Perhaps the most universal reaction to Illinois' upcoming gasoline tax increase is no one likes it.
Perhaps the most satisfying reaction to the tax is that no one likes it.
That indicates it's probably a fair tax. Maybe not everyone will be hit equally, but everyone who uses roads will be hit in some way.
On July 1, Illinois' gasoline tax doubles from 19 cents to 38 cents per gallon and the diesel tax jumps from 21.5 cents to 45.5 cents per gallon. This is the first time the state gas tax has been raised in Illinois since 1990.
No one likes a tax increase. In addition, as we've grown more cynical about the value and honesty of our state government, our politicians invariably prove they can be dishonest in ways most of us could never imagine.
Even among those strongly objecting to Springfield again putting its hands in our pockets, there has to be a percentage who understand exactly what that tax can be used to change.
How many times do you have to read stories that say things like “officials worried about condition of bridges” before you understand and agree that something has to be done, and if it's not a tax on those who use the roads and bridges, someone needs to come up with a better idea.
Be assured similar tax increases are being discussed, sometimes intensely and quite seriously, in state chambers around the country.
How often do we as a group of citizens complain about nothing being accomplished at upper governmental levels?
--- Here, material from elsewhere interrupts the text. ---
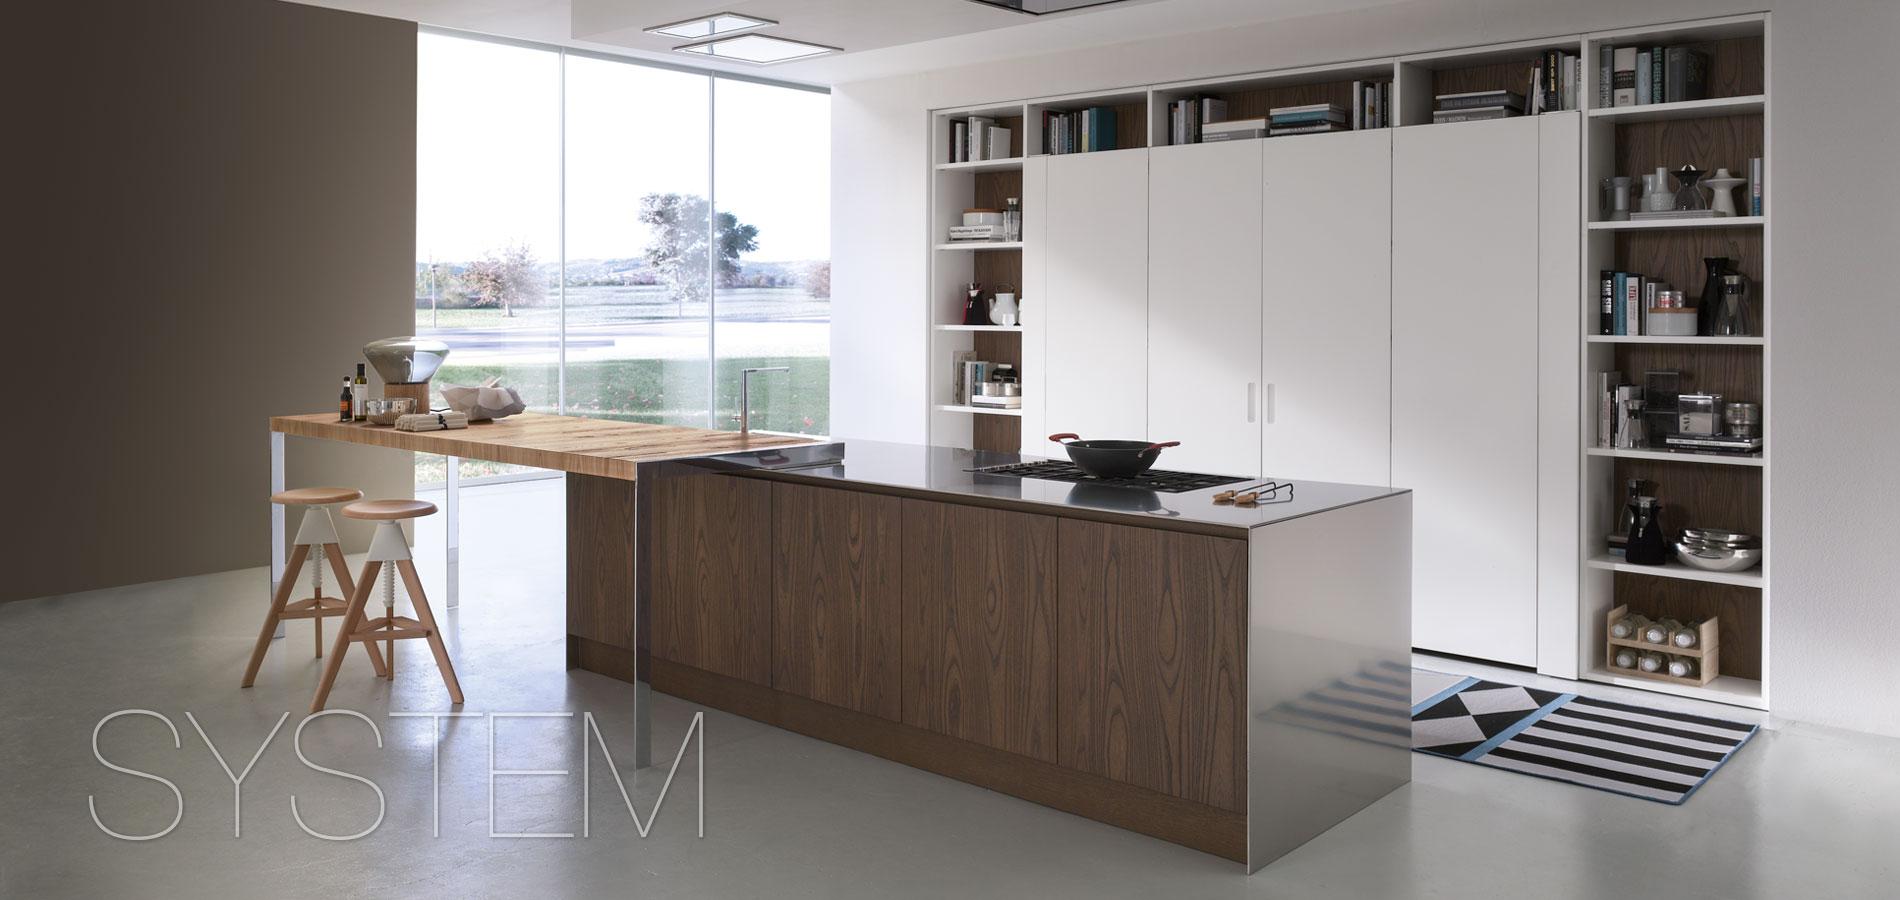 Pin Casa In Legno Modello Veneta Ecolife Costruzioni S R L On  #5A4B40 1900 900 Cucine Veneta A Palermo

Here, finally, is an example of a problem being identified and a solution presented.
We can't spend our time yelling “do something about these issues” and then when a solution is found, yell “wait, not that.” Likewise, we can't avoid doing something because of previous discretions from previous promises. Yes, we all remember the promise of the lottery helping schools and a previous gas tax increase being raided for other uses.
Keep in mind as well that we are still yelling “do something about these issues” when we think about the state's ongoing and ever-growing pension crisis.
One crisis at a time. As an editorial board, as a society, as a group of voters, we owe it to ourselves and each other to hold responsible those politicians who have broken their promises. To shrug and accept regular everyday corruption as “the way it works in Illinois” is as irresponsible as those who break promises.
Our apathy as voters and citizens has helped put us where we are. If we're going to suck up and pay our increases taxes on fuel, we have to remain interested enough to follow up and be certain the money is going where it needs to go and the work that needs to be done is being done.